A 0.280-kg volleyball approaches a player horizontally with a speed of 15.0 m/s. The player strikes the ball with her fist and causes the ball to move in the opposite direction with a speed of 22.0 m/s. a)what impulse is delivered to the ball by the player? b)If the player's fist is in contact with the ball for 0.060 s, find the magnitude of the average force exerted on the player's fist?

Answer 1

impulse=change momentum=mass(Vf-Vi)

= mass(22-(-15)
then, force=impulse/time

Answer 2

To solve this problem, we can use the impulse-momentum principle. The impulse delivered to an object is equal to its change in momentum. Impulse is defined as the product of the force applied to an object and the time interval over which it acts.

a) To find the impulse delivered to the ball, we need to determine its change in momentum. The momentum of an object is given by the product of its mass and velocity.

Given:
Mass of the ball (m1) = 0.280 kg
Initial velocity (v1) = 15.0 m/s
Final velocity (v2) = -22.0 m/s (opposite direction)

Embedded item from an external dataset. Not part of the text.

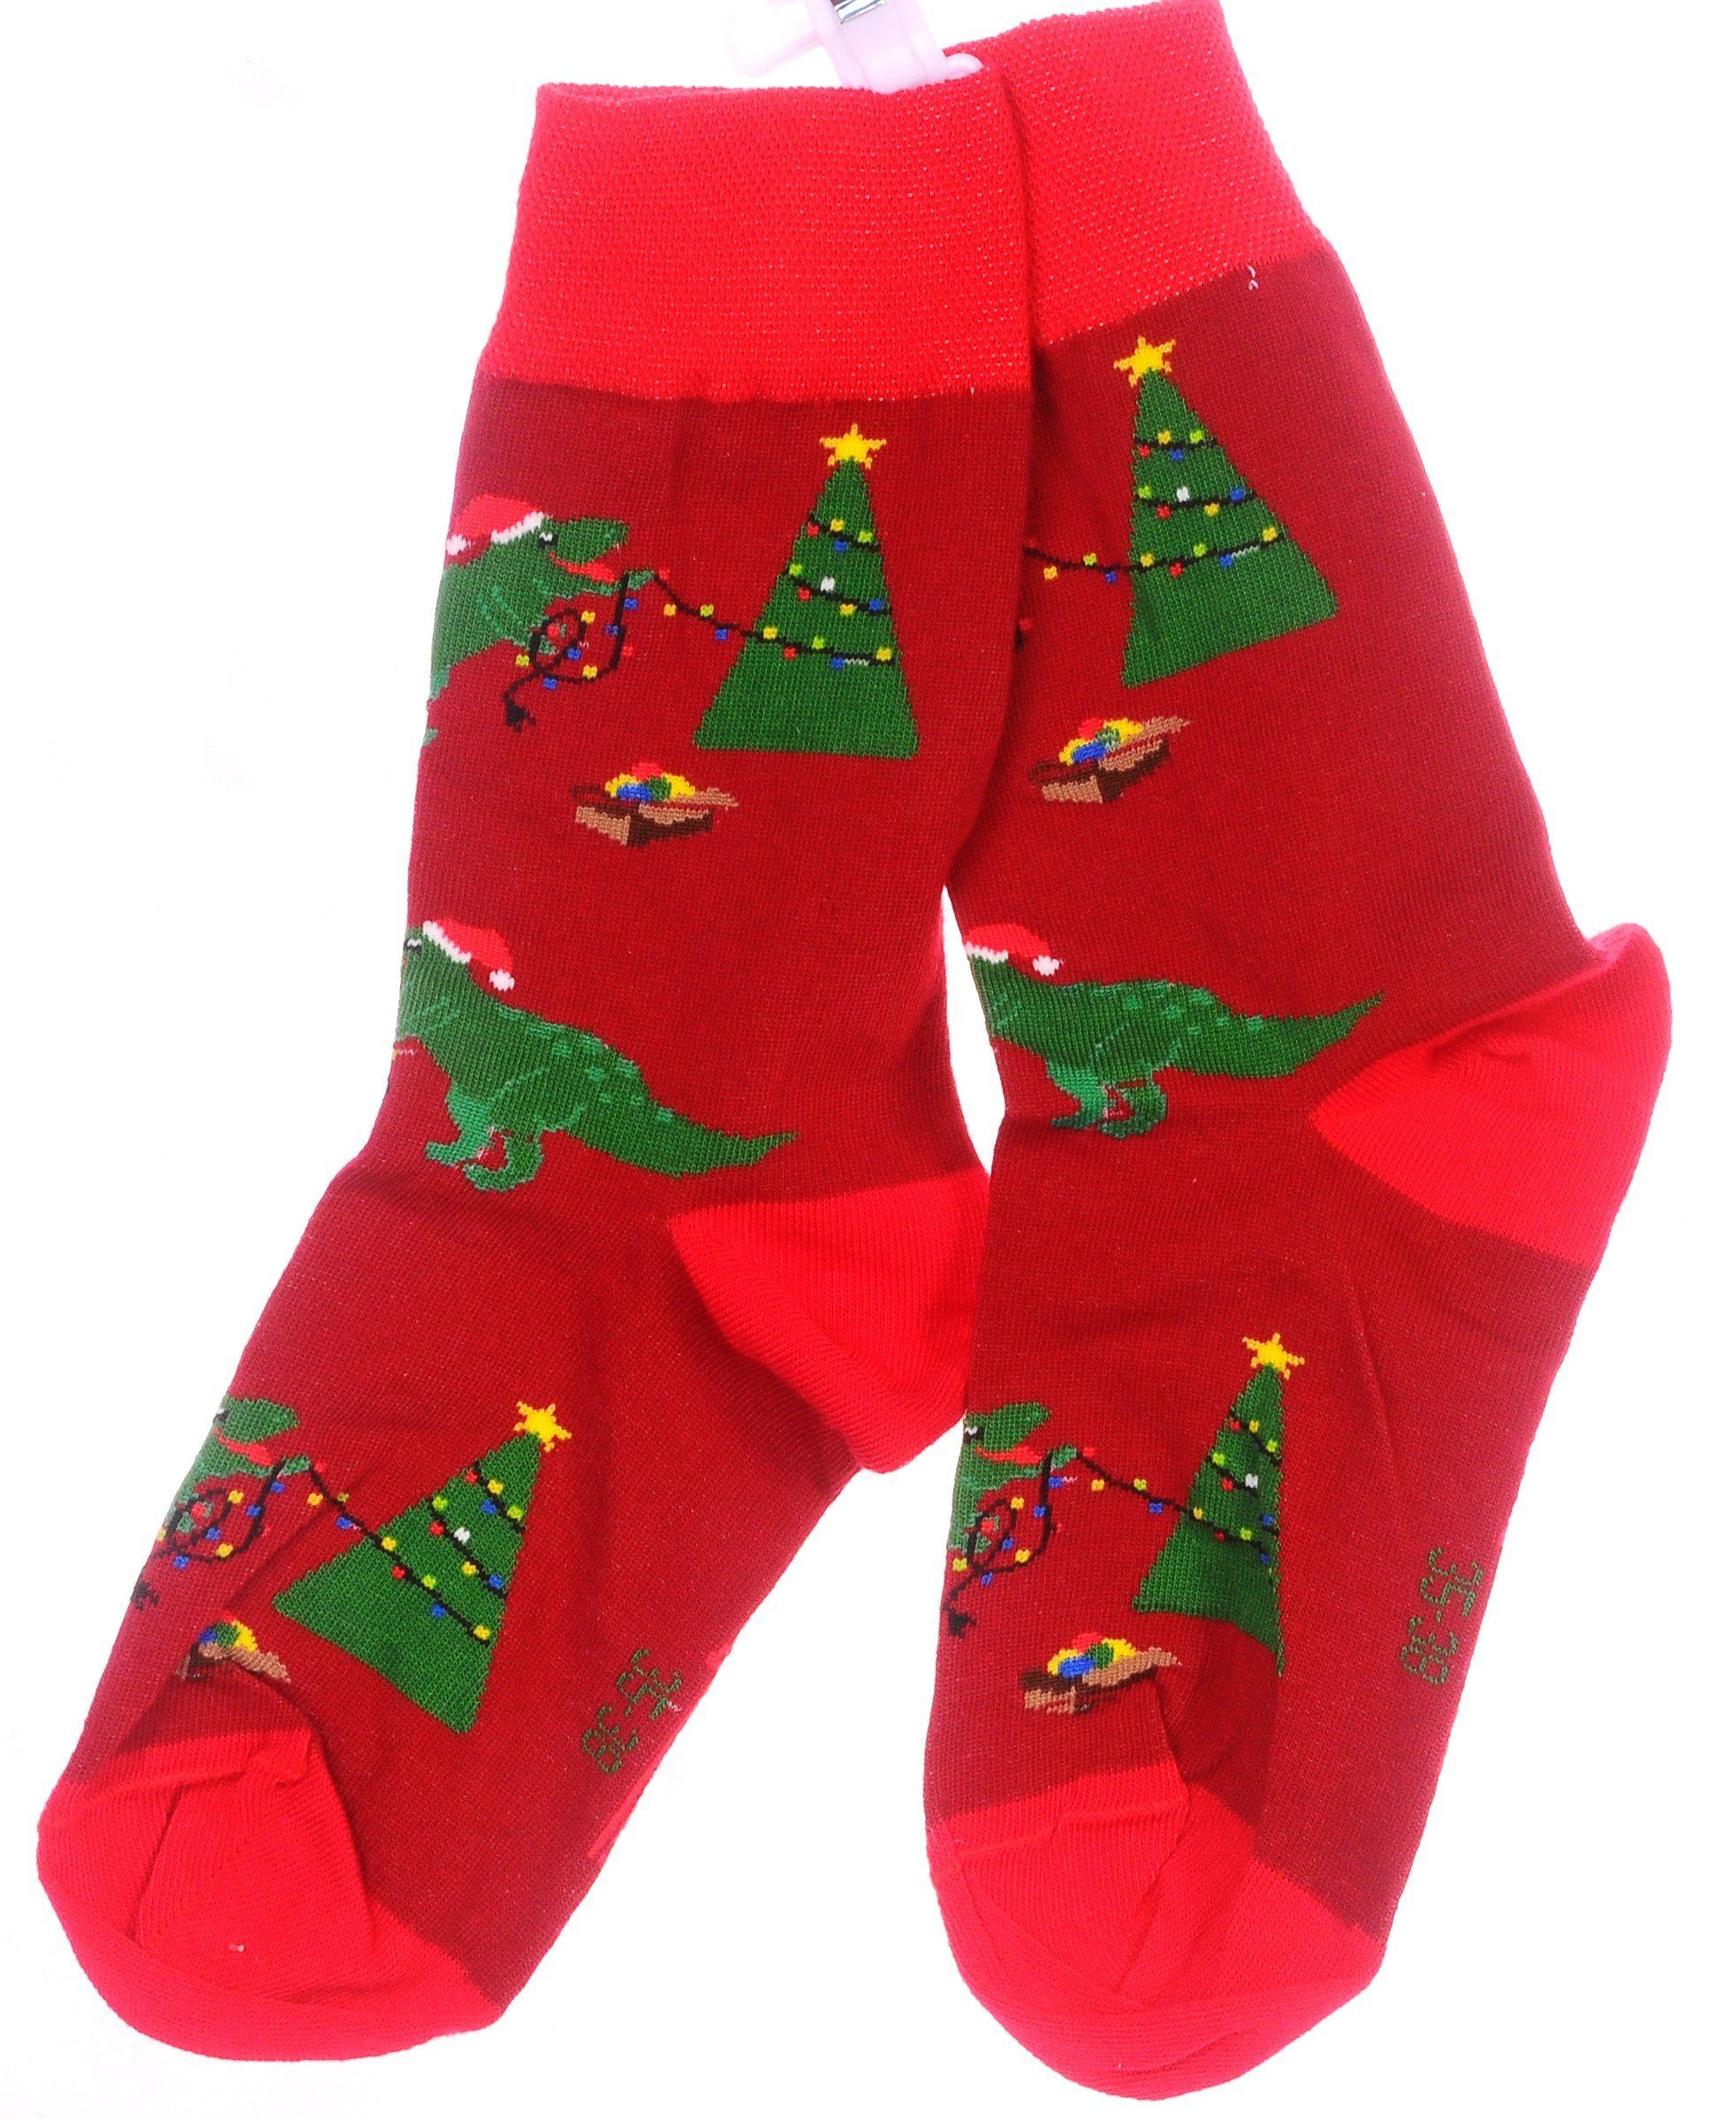 Weihnachtssocken Tannenbaum 1 27 mit 39 46 Martinex Paar Strümpfe 42 31 43 Muster 35 Socken und Socken 38 Drachen

So, the change in momentum (Δp) of the ball is:
Δp = m1 * (v2 - v1)
= 0.280 kg * (-22.0 m/s - 15.0 m/s)
= 0.280 kg * (-37.0 m/s)
= -10.36 kg·m/s

Therefore, the impulse delivered to the ball by the player is -10.36 kg·m/s.

b) To find the magnitude of the average force exerted on the player's fist, we can use the equation:

Impulse (J) = Force (F) * Time (Δt)

Rearranging the equation, we have:
F = J / Δt

Given:
Impulse (J) = -10.36 kg·m/s (from part a)
Time (Δt) = 0.060 s

Plugging in the values, the magnitude of the average force exerted on the player's fist is:
F = (-10.36 kg·m/s) / (0.060 s)
= -172.67 N

The negative sign indicates that the direction of the average force is opposite to the direction of motion.

Therefore, the magnitude of the average force exerted on the player's fist is 172.67 Newtons (N).

Answer 3

To answer both questions, we need to apply the principles of impulse and force. Here's how you can find the answers:

a) To calculate the impulse delivered to the ball by the player, we can use the impulse-momentum principle. The impulse is defined as the change in momentum. The formula for impulse (J) is:

J = Δp = m * Δv

where:
J is the impulse,
m is the mass of the object, and
Δv is the change in velocity.

In this case, the mass of the volleyball is 0.280 kg. The change in velocity is the final velocity (22.0 m/s) minus the initial velocity (15.0 m/s):

Δv = 22.0 m/s - (-15.0 m/s) = 22.0 m/s + 15.0 m/s = 37.0 m/s

Now we can calculate the impulse:

J = 0.280 kg * 37.0 m/s = 10.36 kg⋅m/s

Therefore, the impulse delivered to the ball by the player is 10.36 kg⋅m/s.

b) To find the magnitude of the average force exerted on the player's fist, we can use the formula:

F = Δp / Δt

where:
F is the force,
Δp is the change in momentum, and
Δt is the time interval.

As we calculated earlier, the impulse delivered to the ball is 10.36 kg⋅m/s. The time interval (Δt) is given as 0.060 s.

Now we can calculate the force:

F = 10.36 kg⋅m/s / 0.060 s = 172.67 N

Therefore, the magnitude of the average force exerted on the player's fist is approximately 172.67 Newtons.